The historic use of solventogenic clostridia to produce solvents acetone and butanol at industrial scales dates to the early 1900s3. However, the use of the industrial fermentation process was largely replaced by petrochemical alternatives in most countries during the second half of the last century. In an earlier study the genomes of 30 solventogenic Clostridium species from two distinct phylogenetic clades were sequenced8, and a phylogenomic analyses of the species was undertaken. A number of misclassified strains were identified that require taxonomic reclassification39, which is consistent with the findings of our study.
Most sequences reported in this study employed long-read sequencing technology.
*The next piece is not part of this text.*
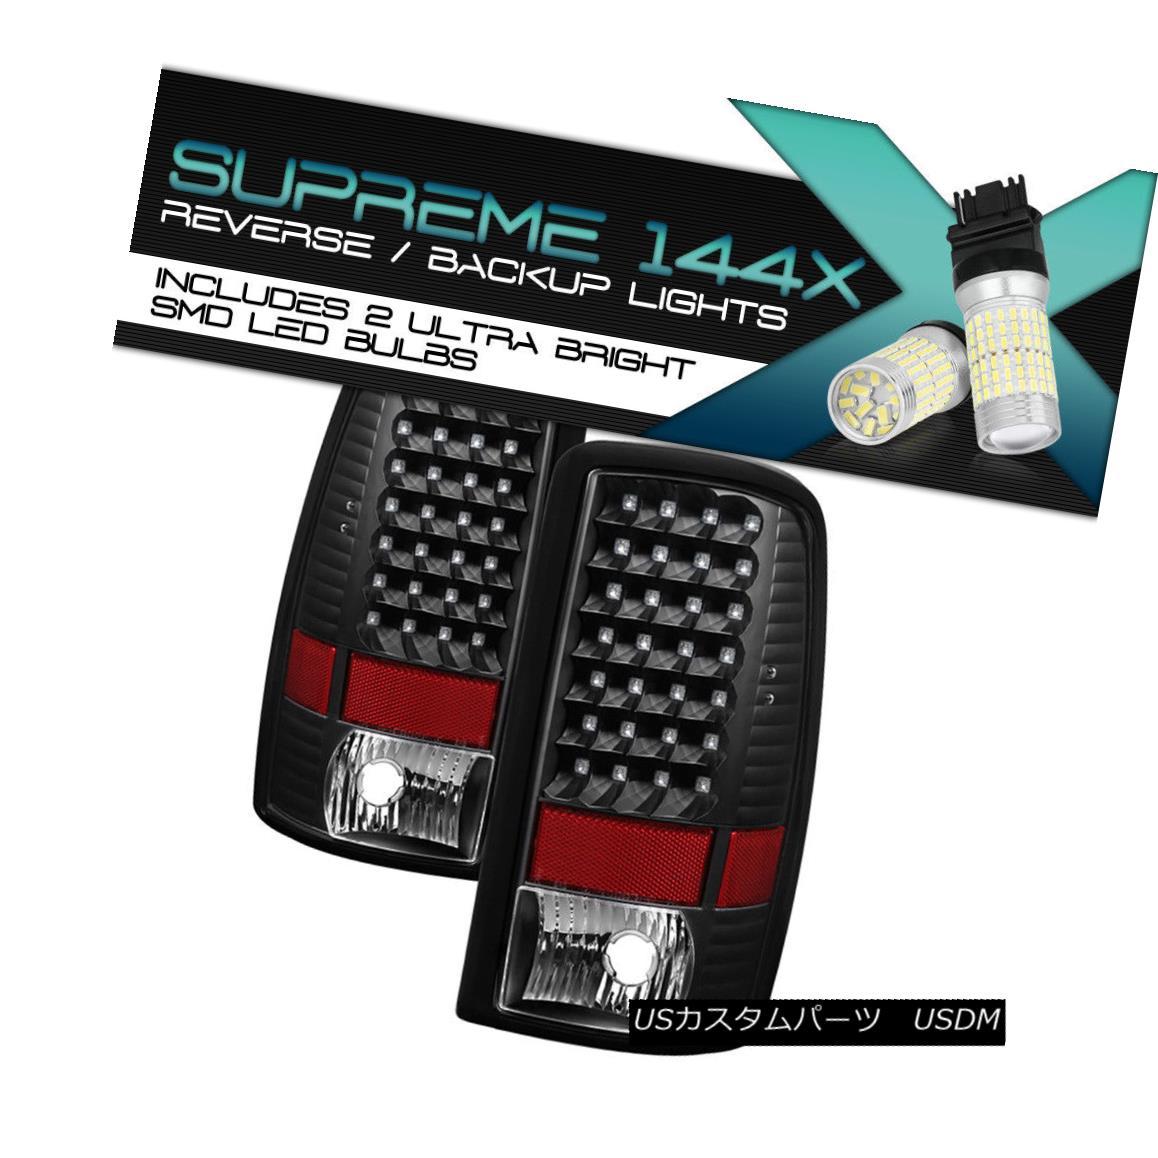 テールライト [360 Degree SMD Reverse] 00-06 Chevy Tahoe Suburban LED Tail Light GMC Yukon XL [360度SMDリバース] 00-06シボレータホ郊外LEDテールライトGMCユーコンXL
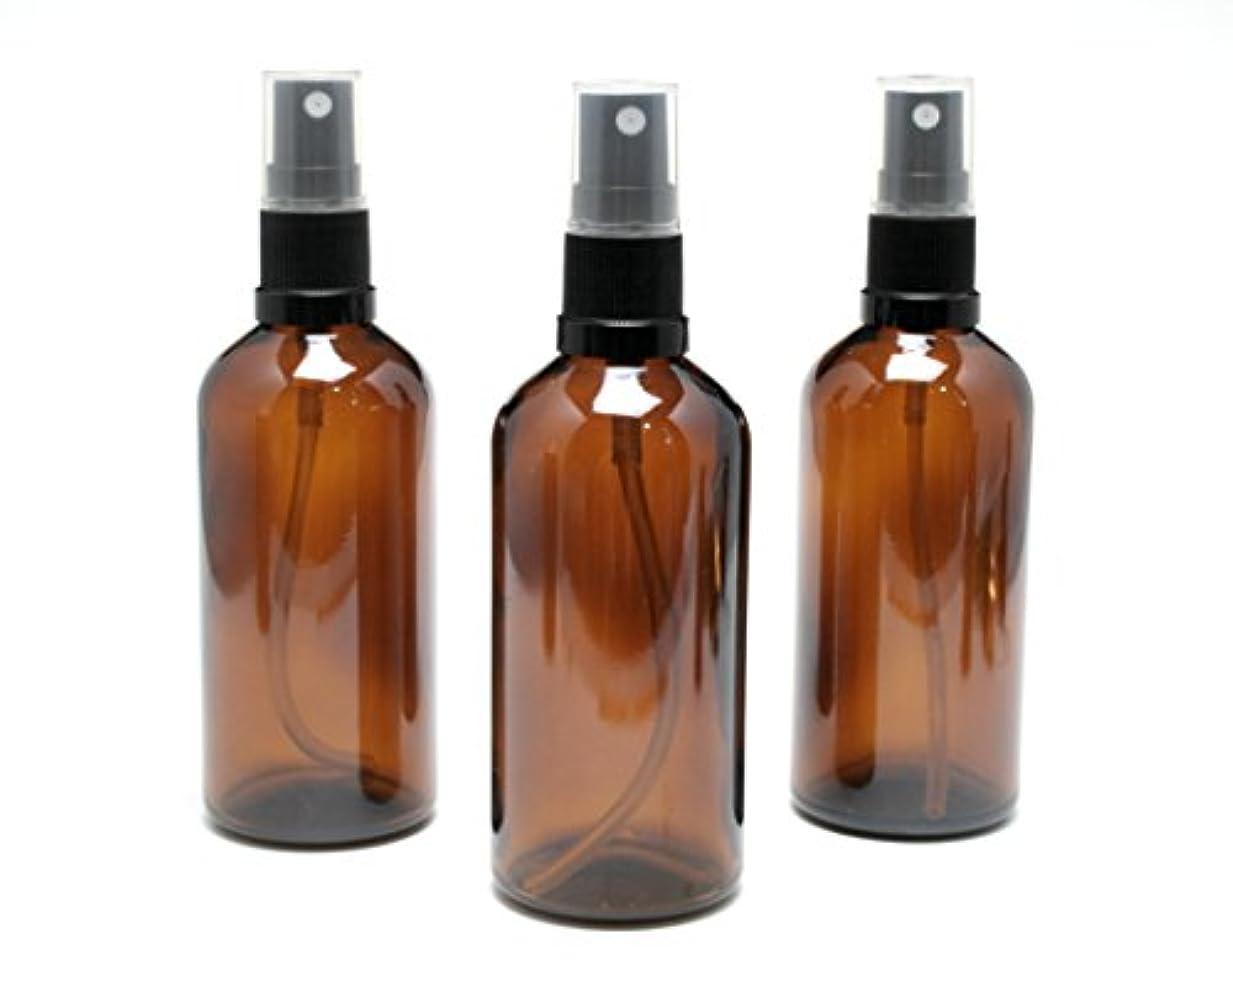 クラウンの面ではマーキング遮光瓶 スプレーボトル 100ml アンバー/ブラックヘッド(グラス/アトマイザー) 【新品アウトレット商品 】 (1) 3本セット)

This has been shown to aid in resolving complex regions such as repetitive regions as in the case of multiple copies of rDNA operons resulting in high-quality genome sequences40. CheckM241 quality analyses for genome completeness and contamination were completed for the 270 genomes. All had an estimated completeness of 100%, except strain DJ311 (99.75%) and 269 had estimated contamination less than 5%, with the DJ015 genome having an estimate of 10%. All results are provided together with genome stats and are consistent with the designation improved-high-quality draft (Table S1). In the present analysis we observed Illumina-derived genome assemblies were represented by higher numbers of contigs compared to PacBio-derived genomes, and consistent with earlier studies they contained fewer copies of rDNA operons overall. We did not observe obvious biases for metabolic gene contents between the sequencing technologies.
The expanded genomic database for solvent-producing clostridia generated by the joint LanzaTech JGI sequencing project can be accessed in GenBank. These 270 additional genomes are identified and coded as DJ genomes. The strains that were sequenced were selected from the DJ strain collection that consists of 53 examples originating from various international culture collections and 217 examples that originated from NCP industrial strain collection. These consist of 7 C. acetobutylicum, 194 C. beijerinckii, 5 C. butyricum, 57 C. saccharobutylicum, 4 C. saccharoperbutylacetonicum, and 3 C. tetanomorphum genomes. For convenience the genome sequences from the DJ collection were allocated arbitrary codes from DJ001 to DJ350. Conversion tables that list DJ genome designations, GenBank Accession numbers, JGI Integrated Microbial Genomes (IMG) numbers, along with the original strain names, codes, attributes, and historical annotations have been provided (Tables S1-3).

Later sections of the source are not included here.